Every line from the one containing "2019-4th-generation-Ford-Focus-estate" through the end of the listing below must be given again exactly, and nothing else; exclude pictures.

GIVEN MATERIAL –
● ● ● ●
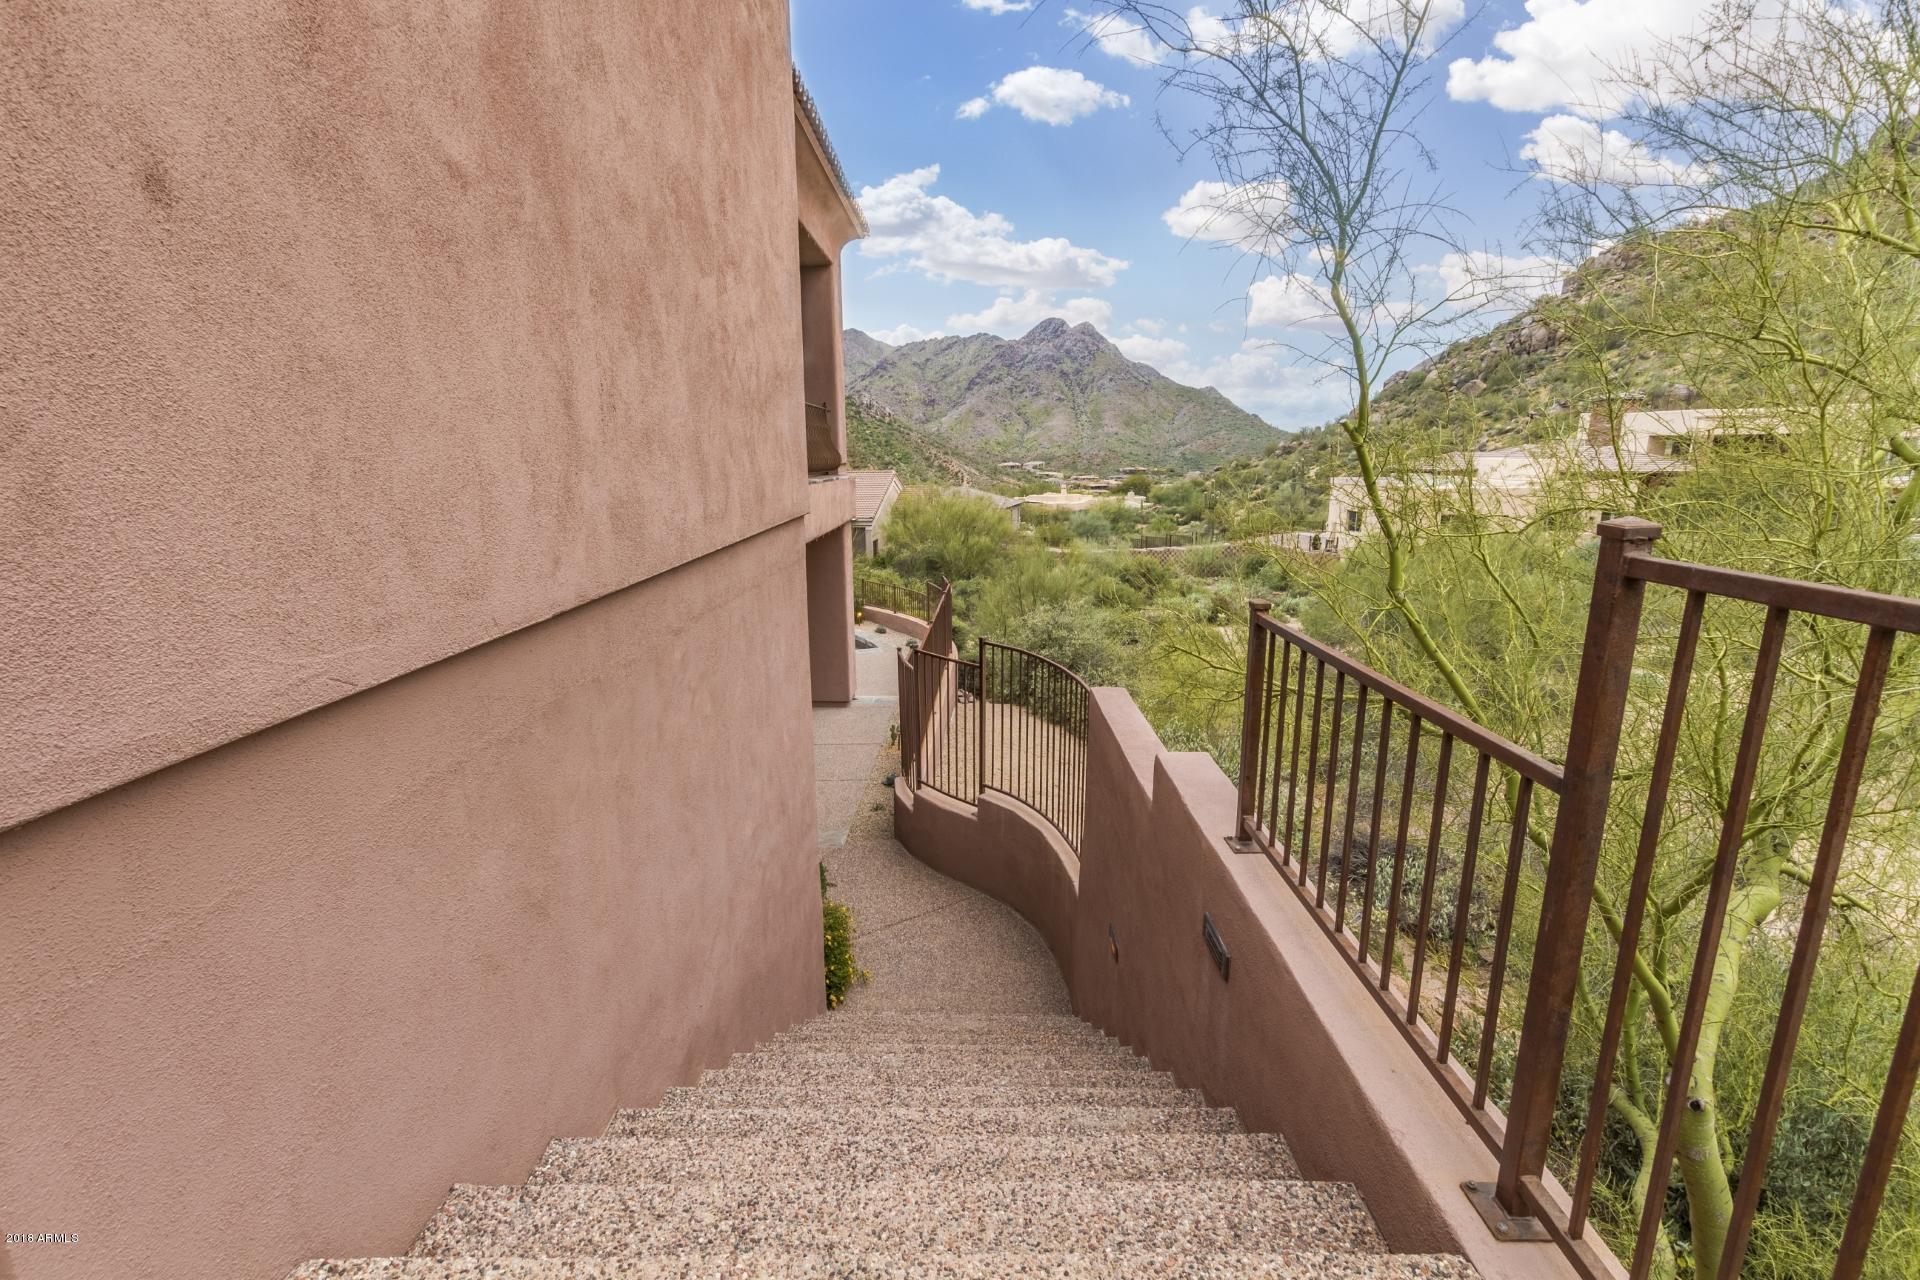 MLS 5859887 11331 E La Junta Road, Scottsdale, AZ 85255 Scottsdale AZ Troon Village
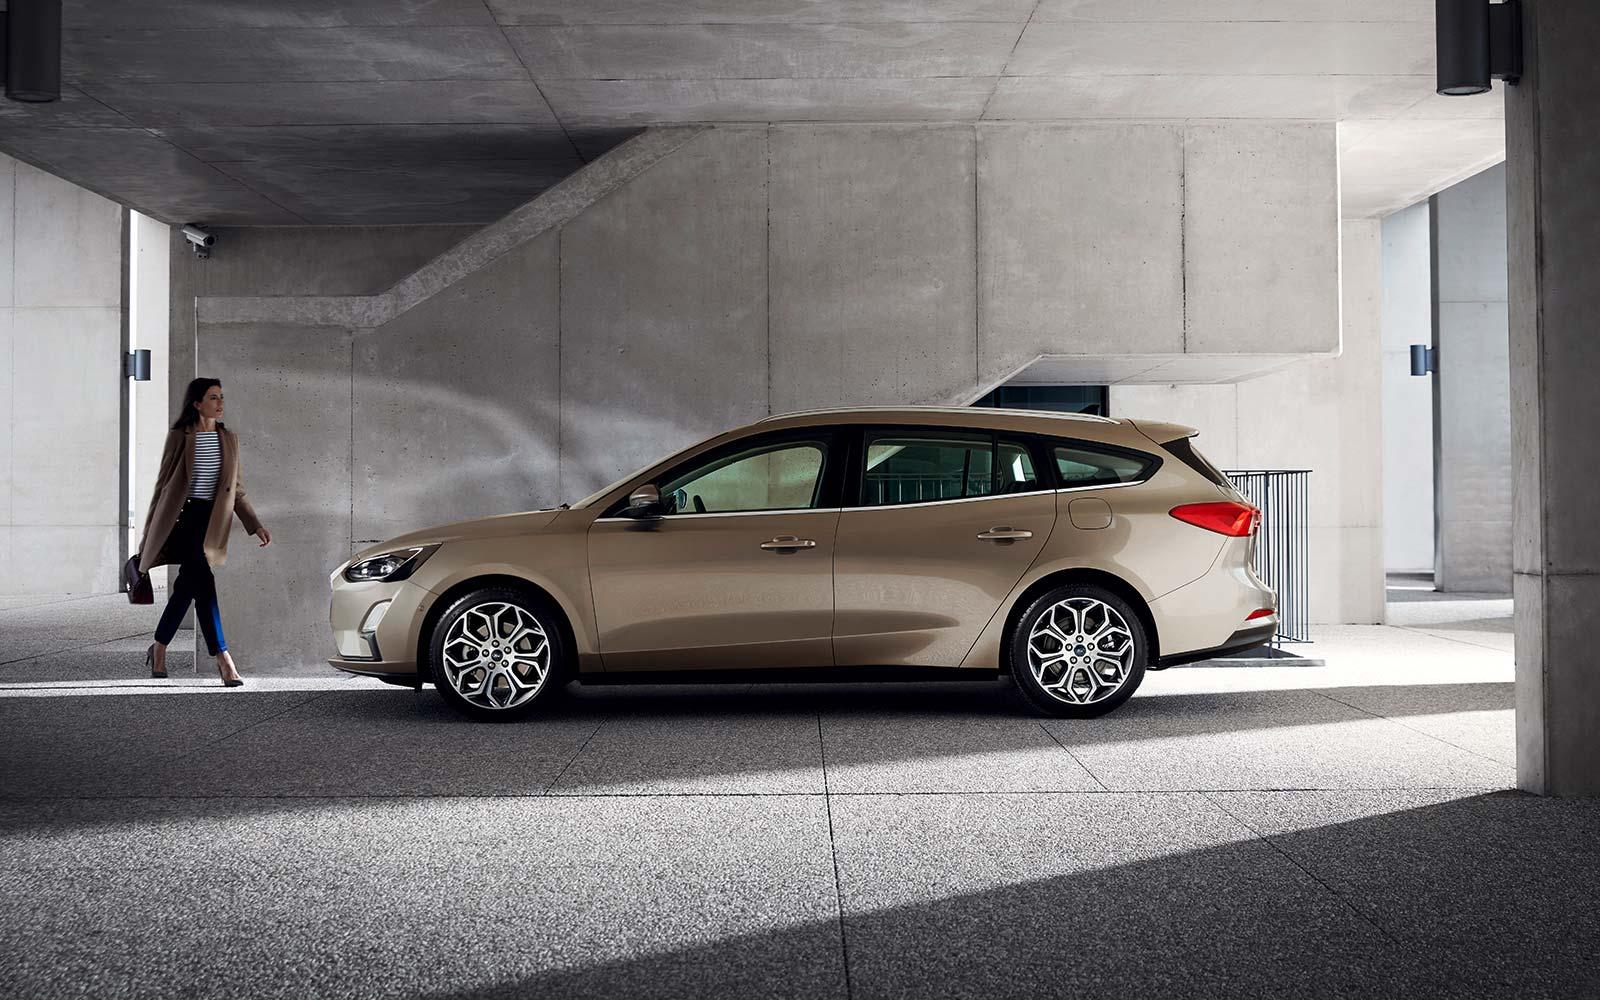 2019-4th-generation-Ford-Focus-estate
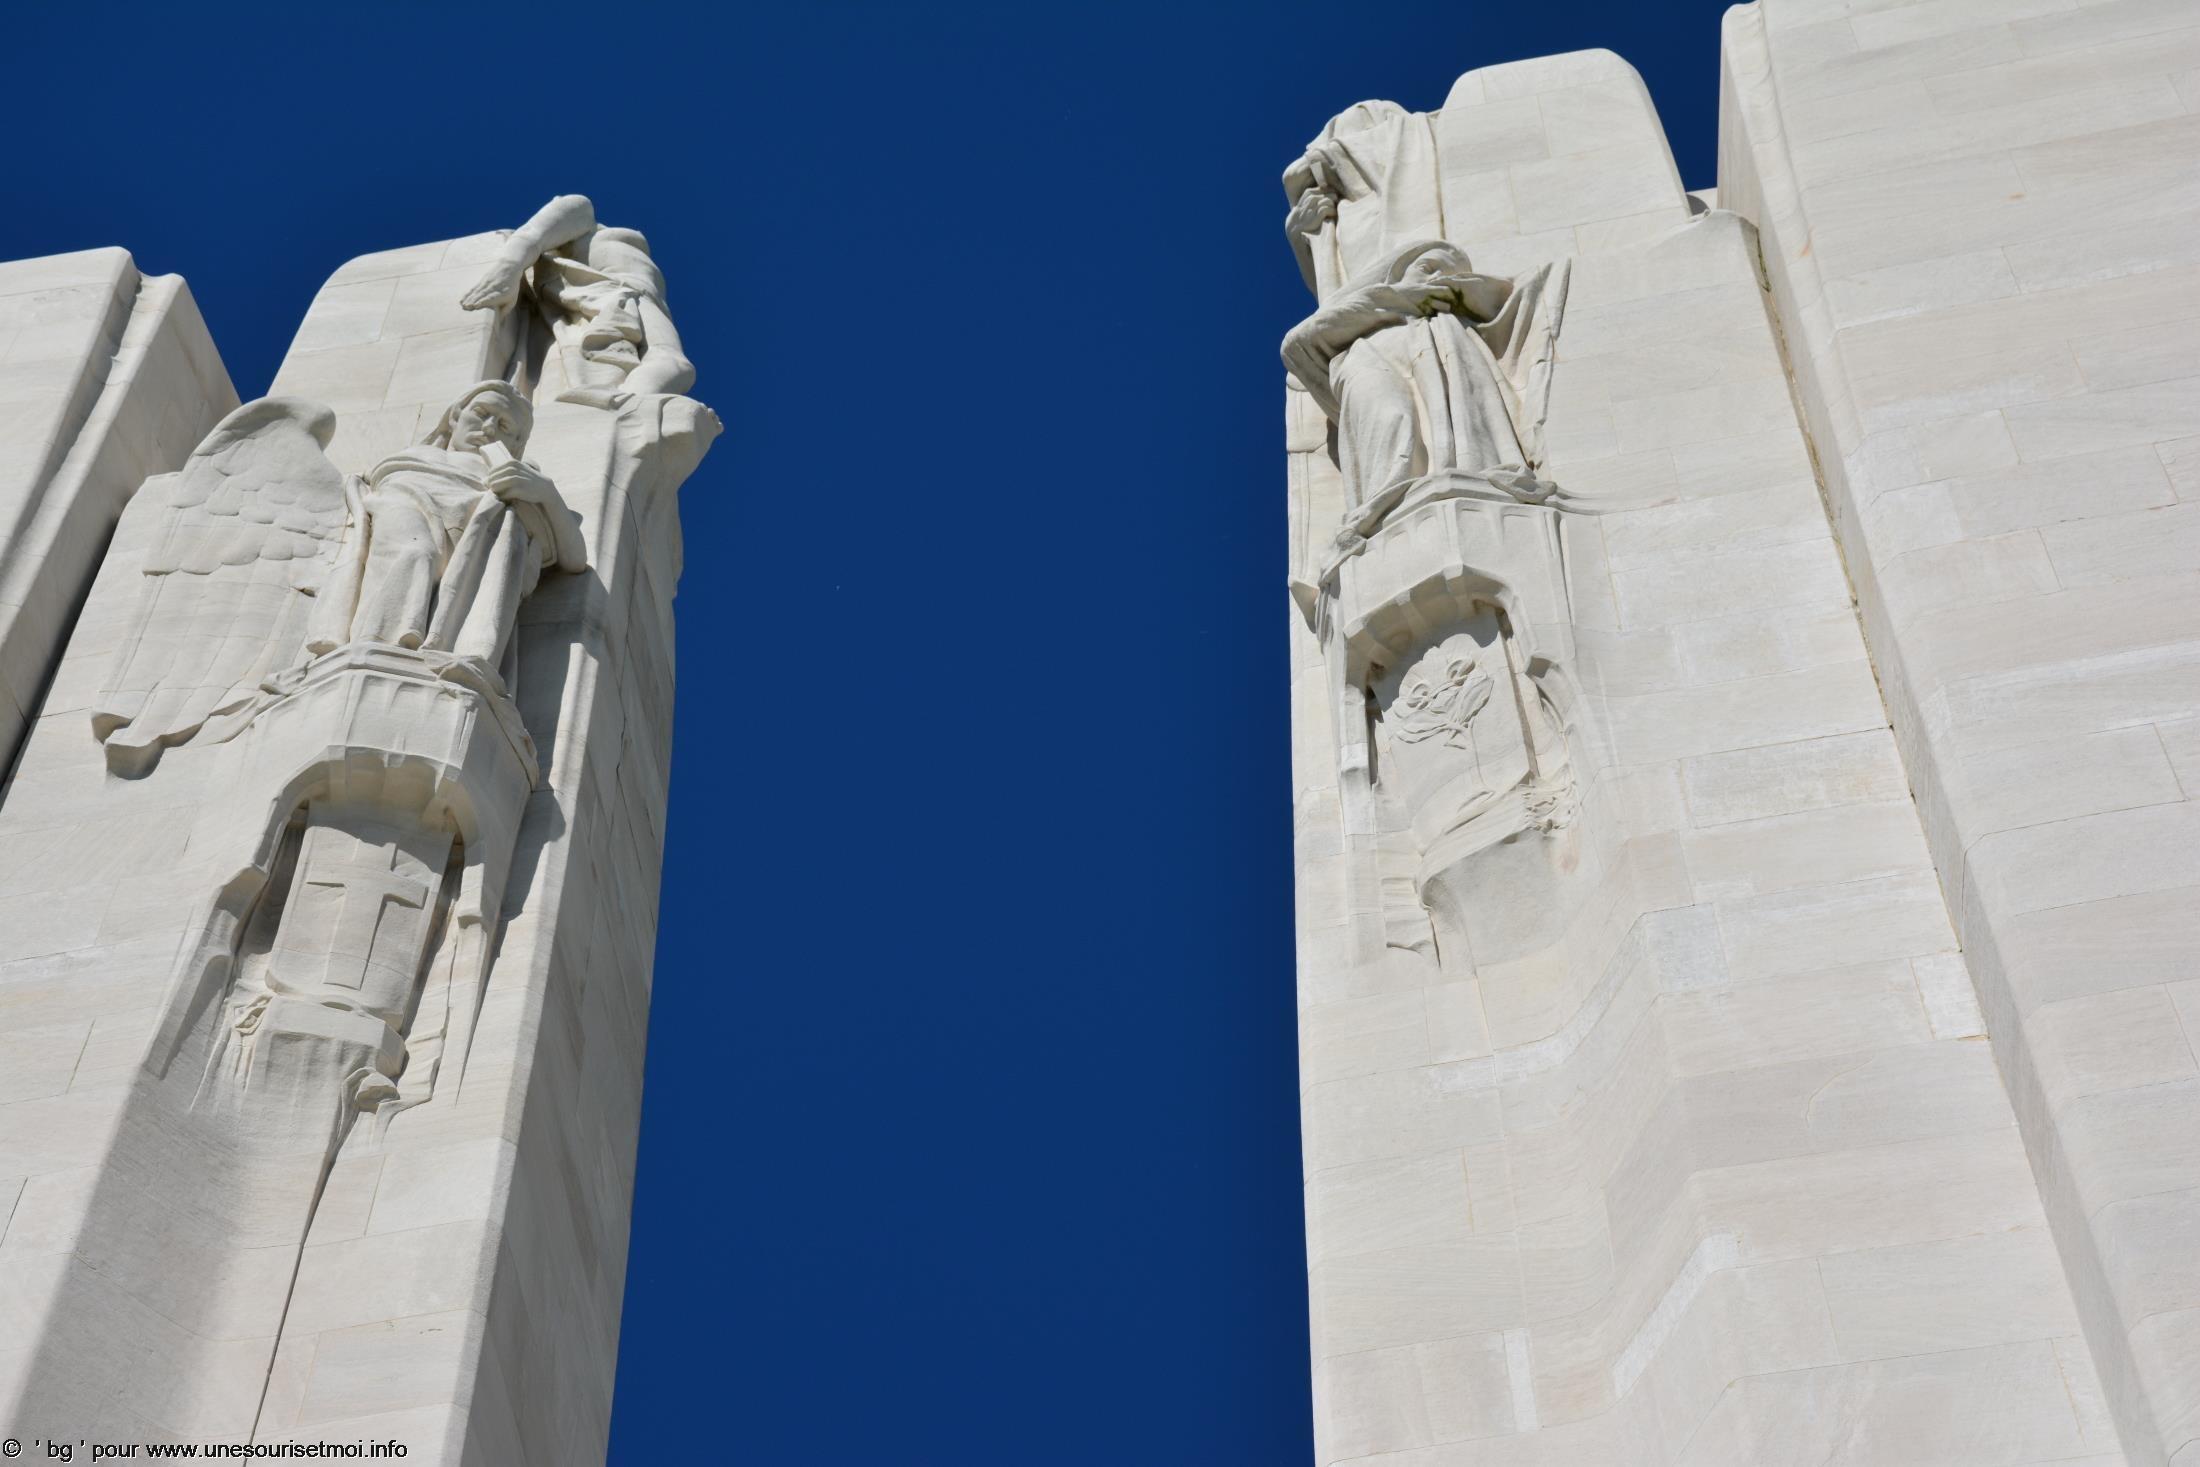 memorial-canadien-vimy-62580-premiere-guerre-mondiale_3
● ● ● ●
EXERCISE SOLUTION –
 2019-4th-generation-Ford-Focus-estate
 memorial-canadien-vimy-62580-premiere-guerre-mondiale_3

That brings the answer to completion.